Ancient geometers loved circles. Why?

The circle consists of all points equidistant from a single center point. As such, it is symbolic of ‘all,’ ‘wholeness,’ ‘perfection’ – and thus, of divine order, or of God.

What is a vesica piscis?

A vesica piscis is the almond-shaped area where two circles overlap when their centers mirror each other. To construct it, set a compass to any radius and draw that circle. Now set the point of the compass anywhere on the circle and draw another of the same radius. The new circle will intersect the original center. The new center sits on the first circle – its mirror image. Lovely patterns develop from playing with this simple process. The vesica piscis (fish-shaped vessel) is also known as a mandorla (almond-shaped vessel).

How does the vesica piscis relate to a triangle?

The line connecting two circles’ centers is the base of an equilateral triangle formed by connecting each endpoint to the ‘point’ of the almond-shaped area known as the vesica piscis.

This is fascinating, because it works for circles of any size, and because it is otherwise a difficult thing to construct an equilateral triangle. The perfection of those three equal sides – though the triangle looks so completely different from the shape of a circle – seems to emerge from and to possess the perfection of the ‘parent’ circles.

What Christian symbolism is held in the circle and triangle shapes?

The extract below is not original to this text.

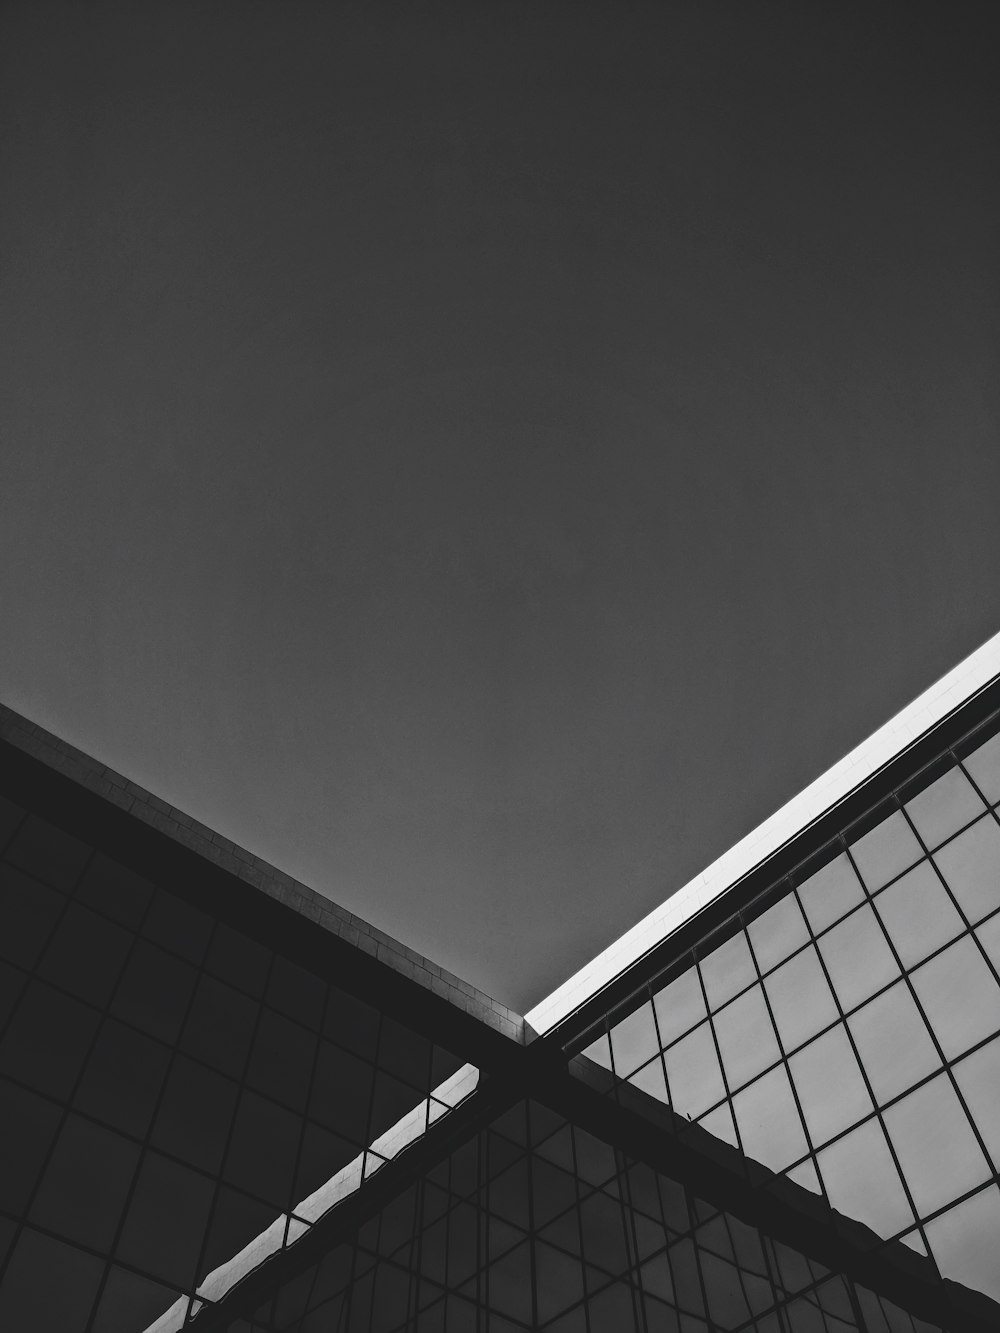 Une photo en noir et blanc du toit d’un bâtiment
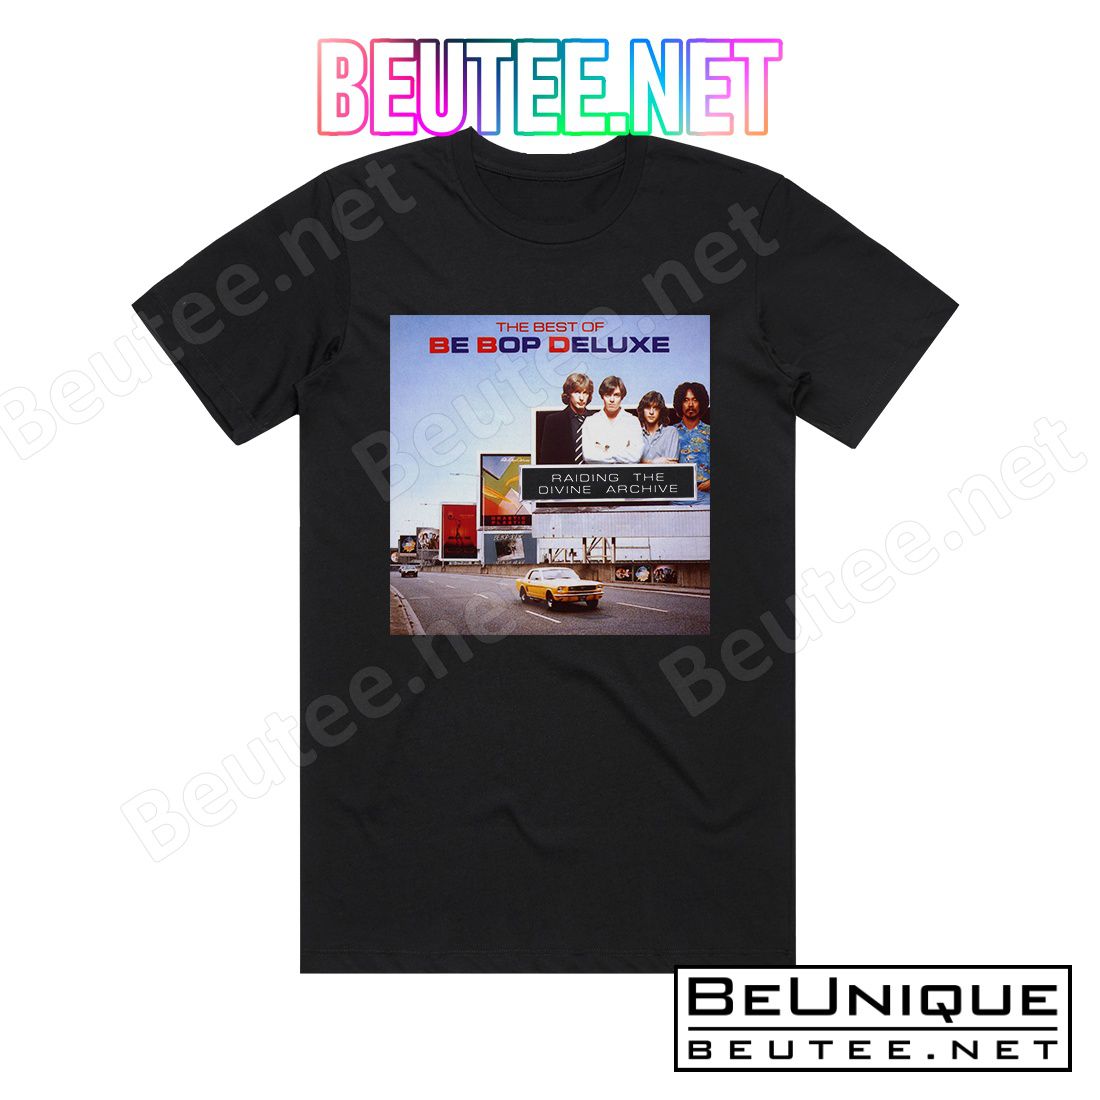 Be Bop Deluxe Raiding The Divine Archive Album Cover T-Shirt

The circle represents the all-ness and perfection of God as the primal origin of all being. The mirrored circles reflect God as Father and Son, gazing upon one another, setting up a movement between centers that we cannot possibly draw, but that reminds us of the Holy Spirit. The circles can also symbolize the Old and New Testaments, with Christ – form of the Trinity – emerging through a perfect vessel. That vessel – the fish, or almond shaped vesica piscis – can symbolize Mary herself, or Mother Church. The triangle – three perfectly unified and equal sides in one – needs no explanation as a symbol of the Trinity!

How has education lost its connection to wonder and beauty?

We’ve lost our sense that all created things speak of our Creator, and that our study of them can lead us to deeper knowing of that Creator. We speak a language of science and math without contemplating that God spoke it first. We think, perhaps, that man invented mathematics and scientific laws, and do not teach these subjects with awe of God in whom such order, beauty, design, perfection and harmony originate.

What does the Liturgy have to do with cosmology?

Cosmology: the study of the physical universe considered as a totality of phenomena in time and space.

The Liturgy – Mass and Divine Office – is, in a practical sense, ordered to the movements of the earth around the sun, and the moon around the earth. The prayers that move in daily circles from sunrise to sunset, the annual cycle of feasts that follows the sun, the dating of Easter according to the paschal full moon, the monthly/lunar cycle of the Divine Office with its four-week rotation, altars that face east, music in touch with the harmonic proportions of planetary orbits, and the elevation of the lunar week and Saturday Sabbath into the higher order of an Eighth Day/Sunday Sabbath all speak of cosmology.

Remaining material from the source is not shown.